→ **To do**
The copy must match the data below line for line and contain no images.

→ **Supplied data**

+--

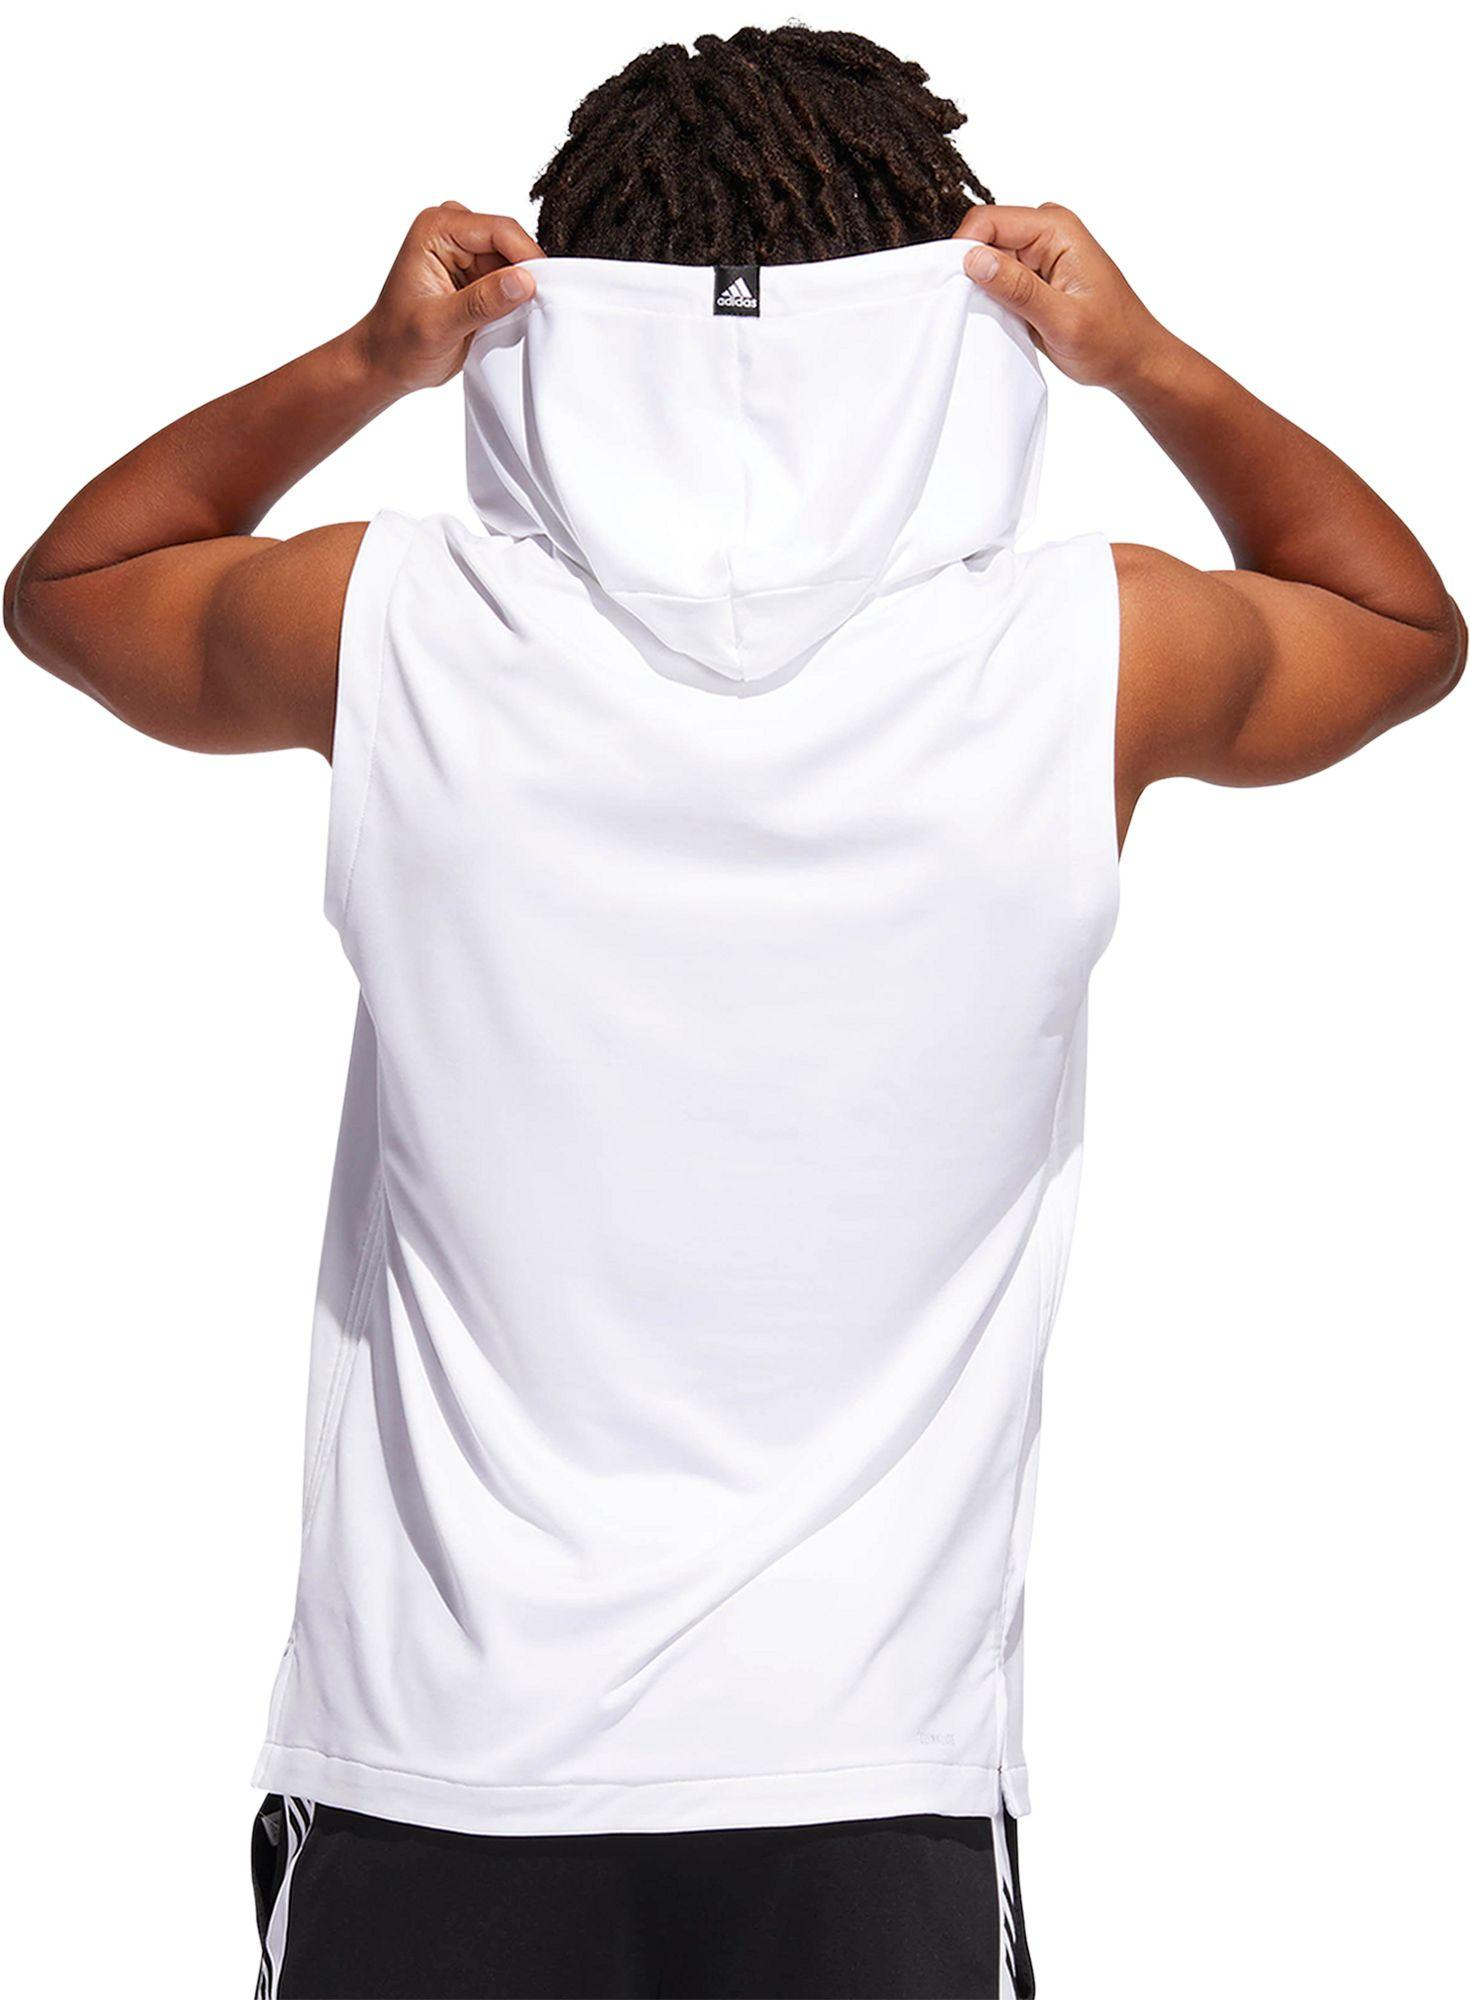 260b2cb6 Adidas - White Pro Madness Basketball Hoodie for Men - Lyst. View fullscreen
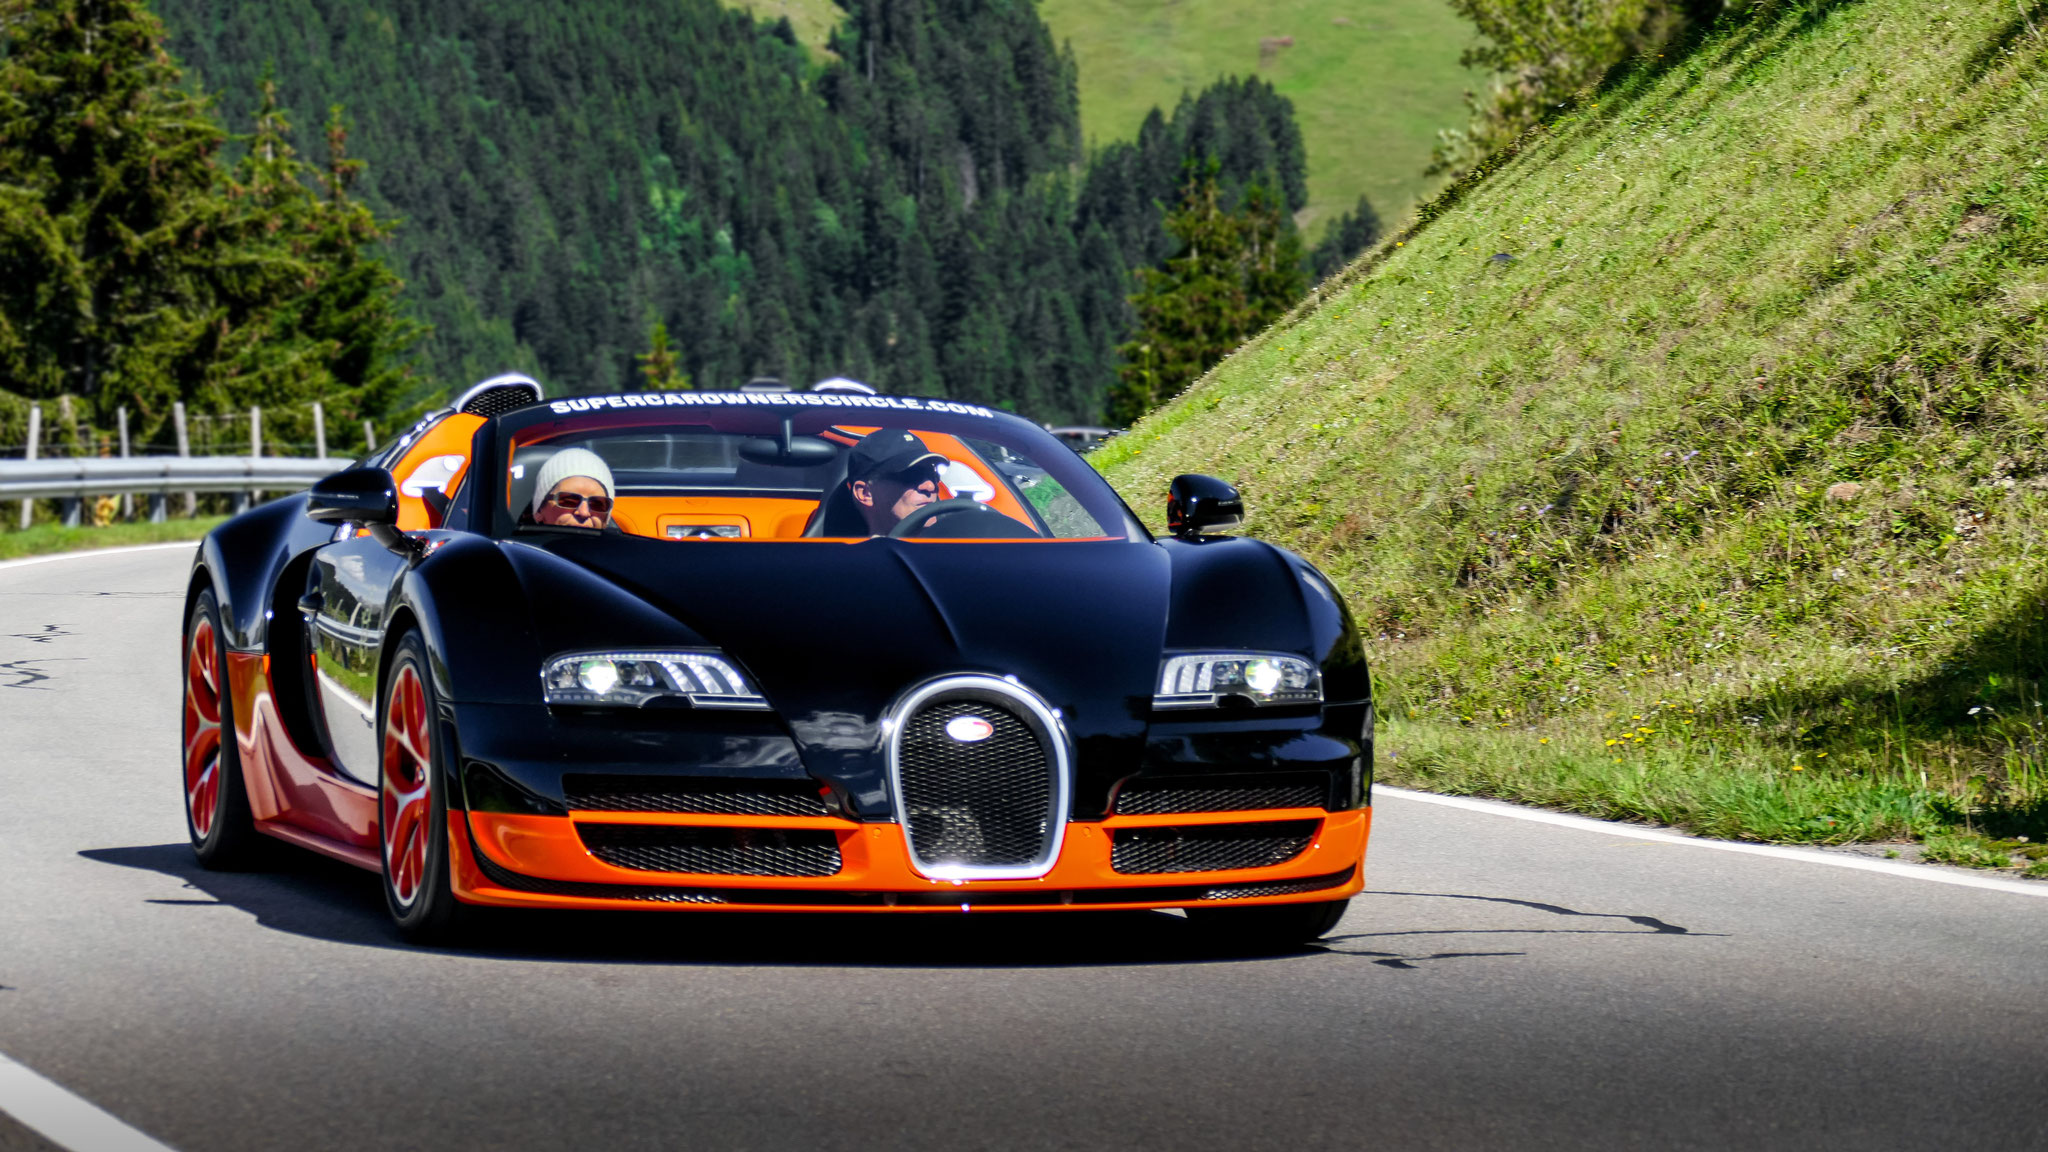 Bugatti Veyron Grand Sport Vitesse - GÖ-EB-430
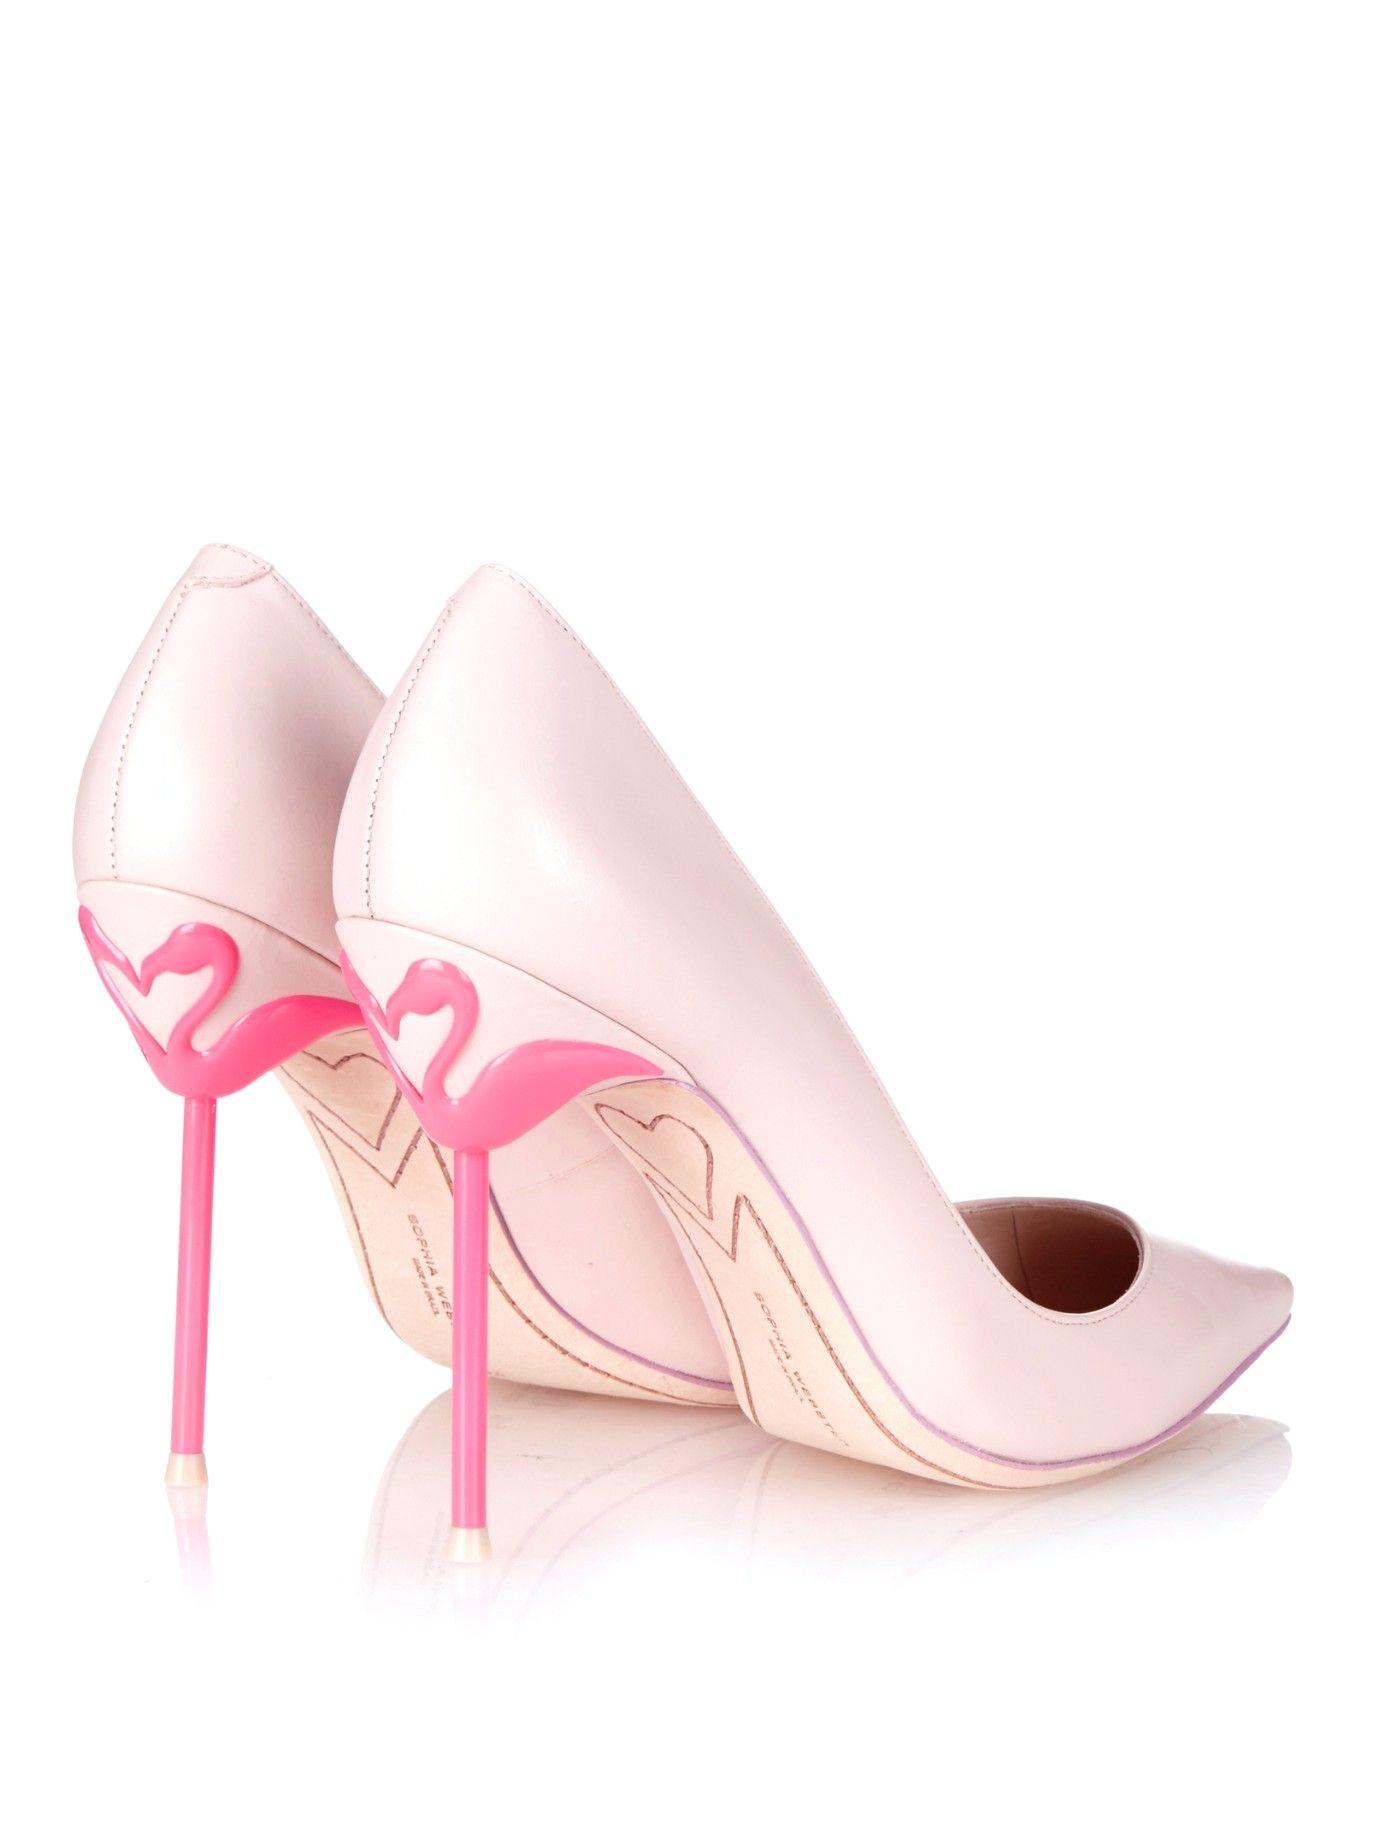 Light Pink Suede Pumps Flamingo Pumps sophia Webster Coco Flamingo Heel Leather Pumps

+--

→ **Output of the task**
 260b2cb6 Adidas - White Pro Madness Basketball Hoodie for Men - Lyst. View fullscreen
 Bugatti Veyron Grand Sport Vitesse - GÖ-EB-430
 Light Pink Suede Pumps Flamingo Pumps sophia Webster Coco Flamingo Heel Leather Pumps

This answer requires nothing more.